» **WHAT TO PRODUCE**
Take the lines from the one with "Jackery ポータブル電源 700をレビュー！口コミ・評判をもとに徹底検証" through the last line of the material below and write them out exactly, without any pictures.

» **DATA**
***

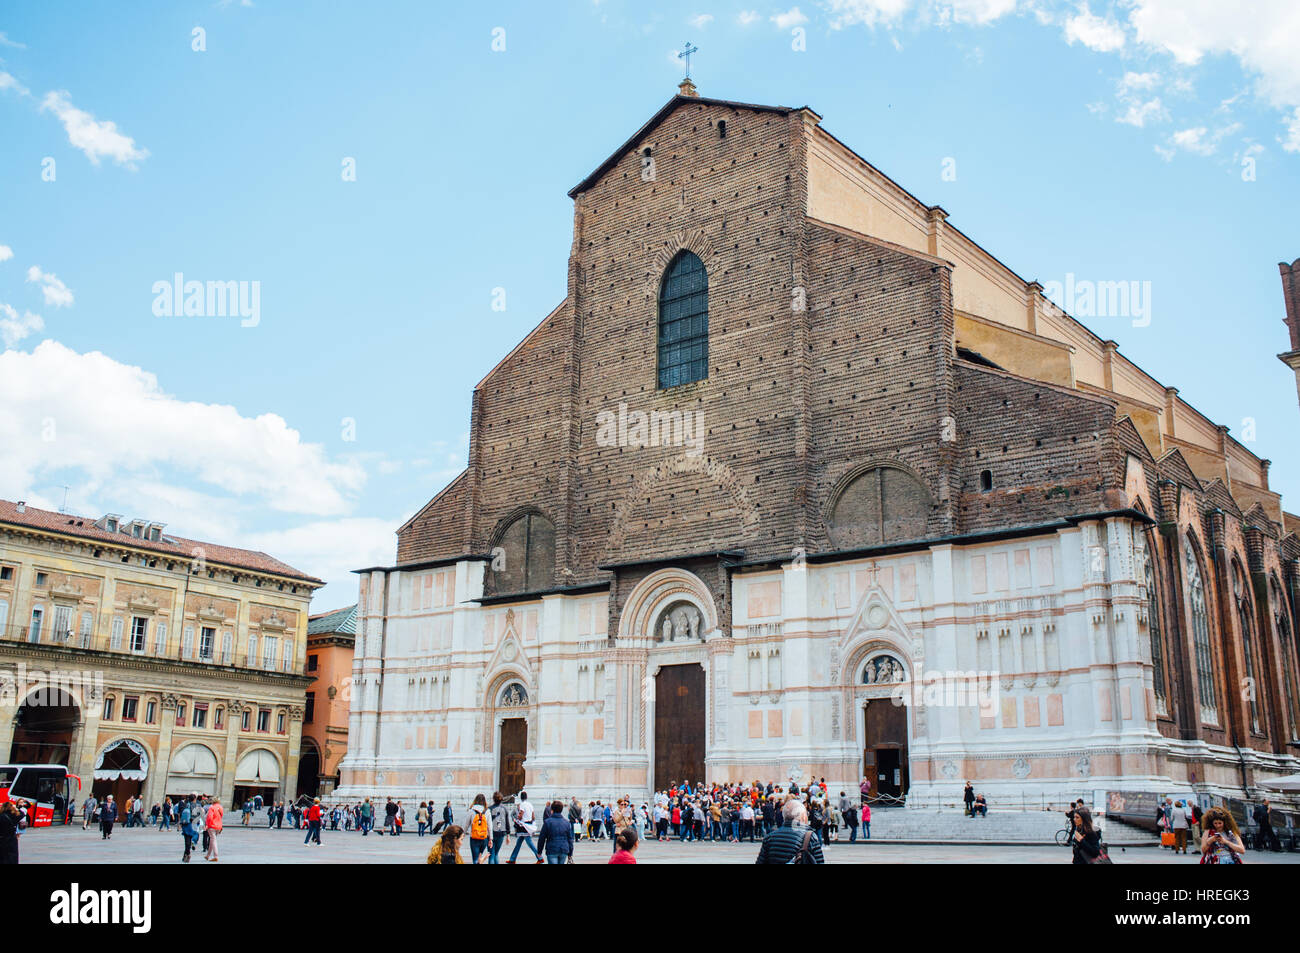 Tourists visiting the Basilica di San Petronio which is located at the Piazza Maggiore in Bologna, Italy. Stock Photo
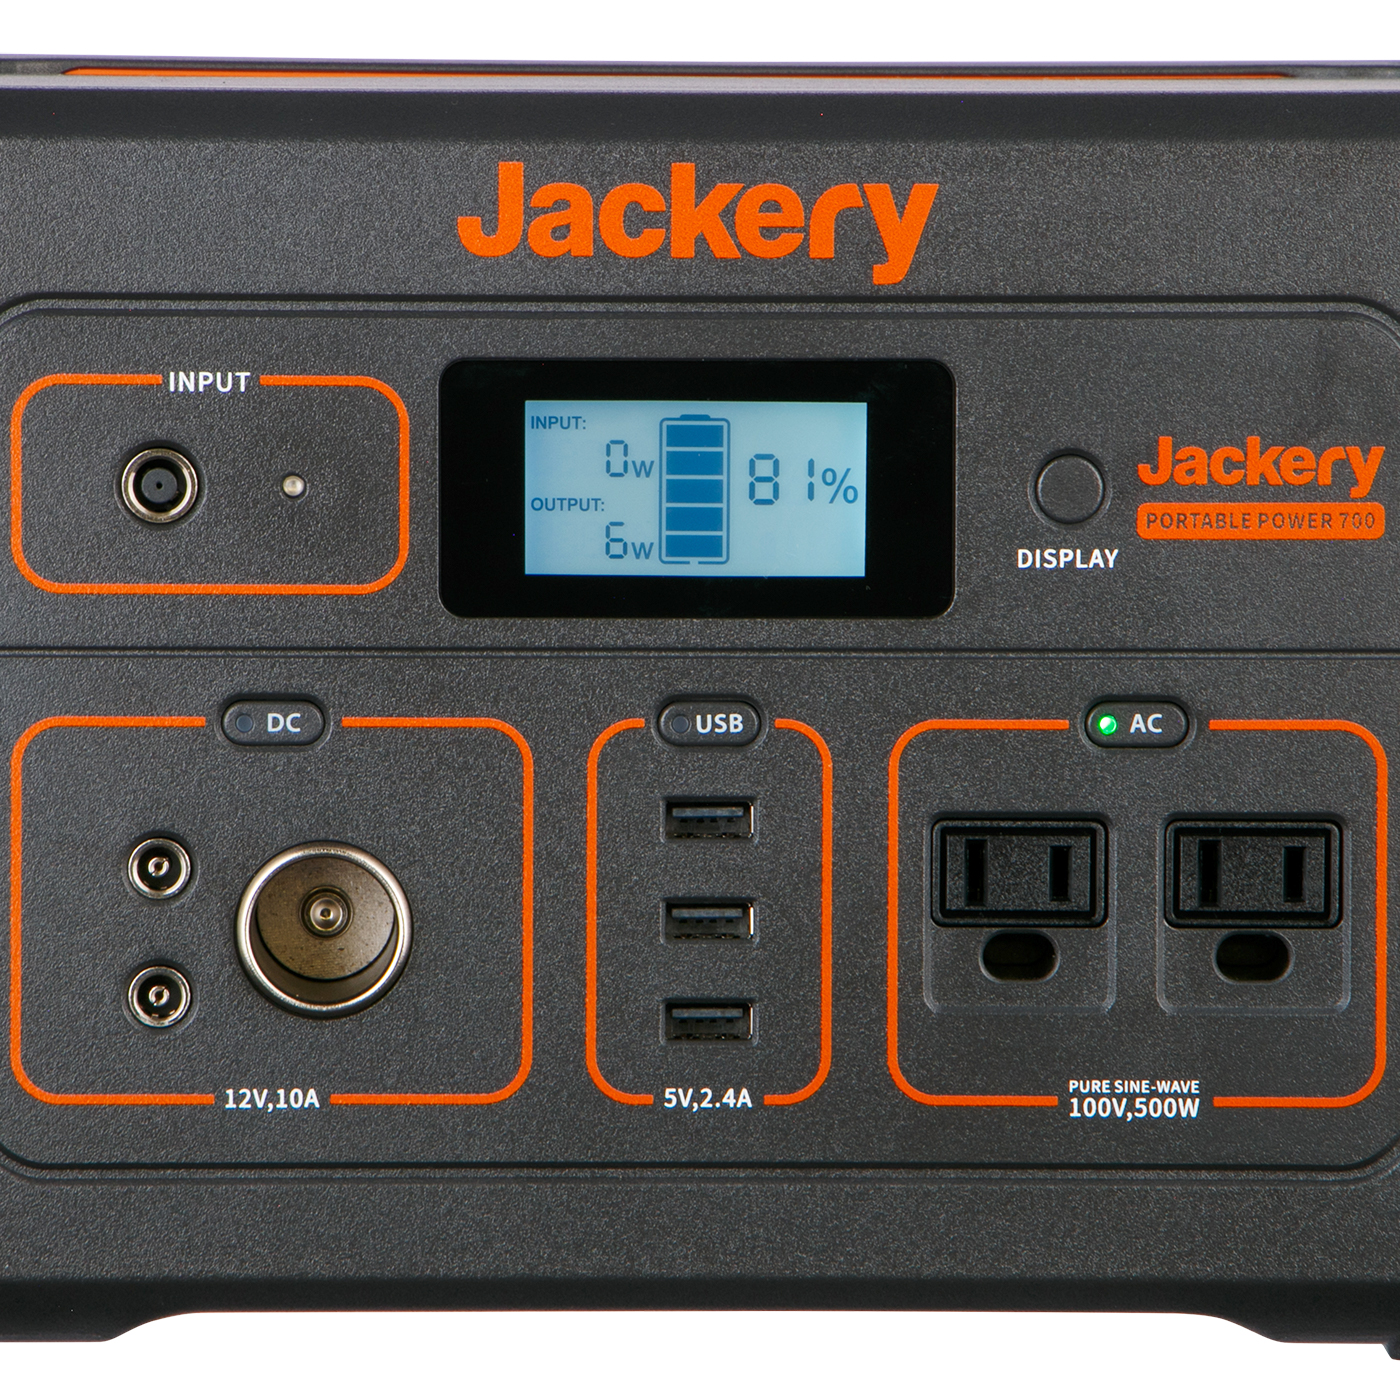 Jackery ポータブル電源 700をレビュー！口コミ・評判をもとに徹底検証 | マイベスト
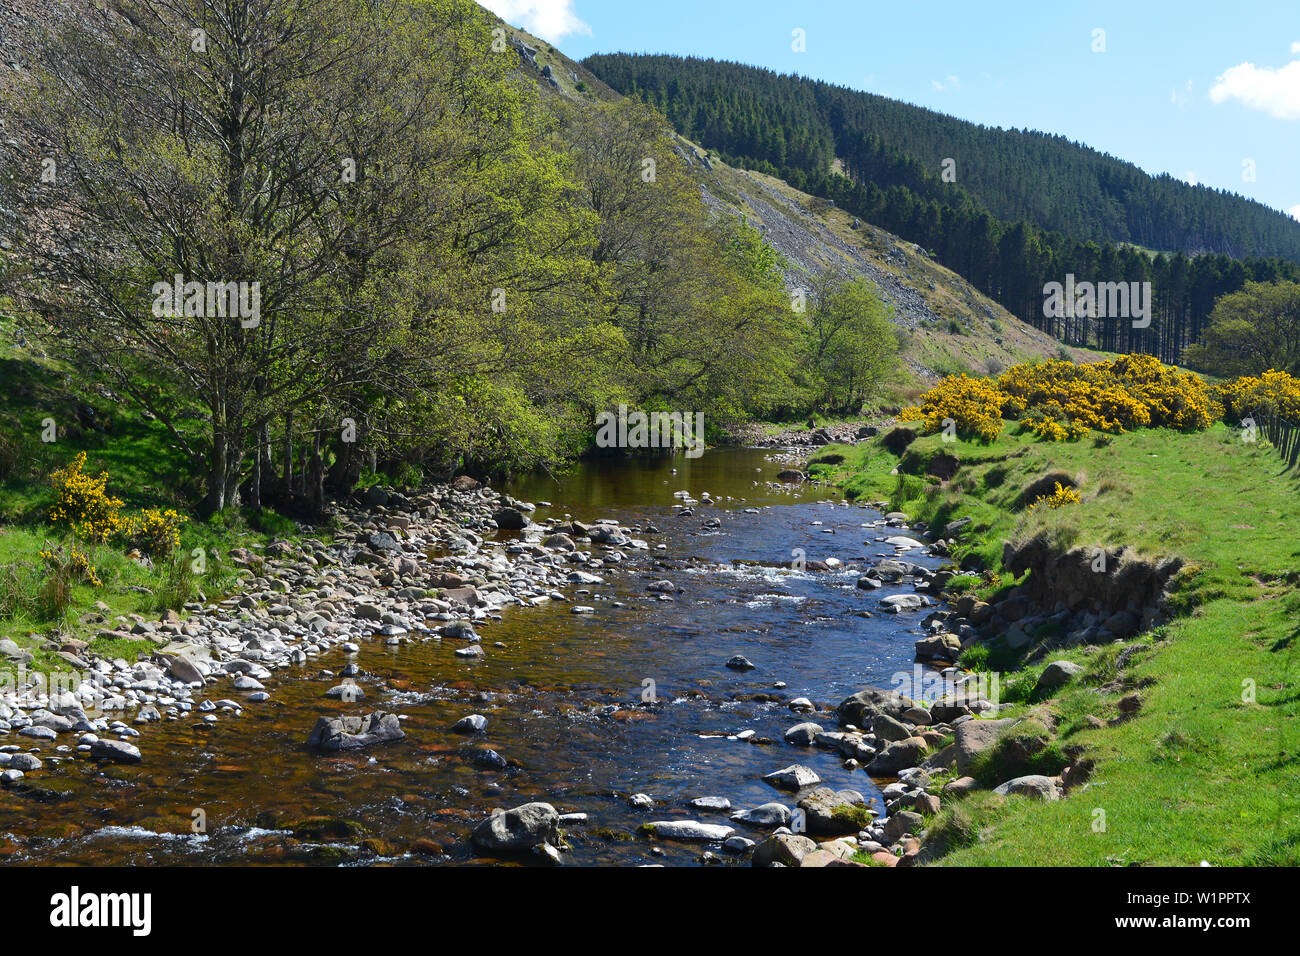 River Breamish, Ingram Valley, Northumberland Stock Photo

***

» **ANSWER SECTION**
 Jackery ポータブル電源 700をレビュー！口コミ・評判をもとに徹底検証 | マイベスト
 River Breamish, Ingram Valley, Northumberland Stock Photo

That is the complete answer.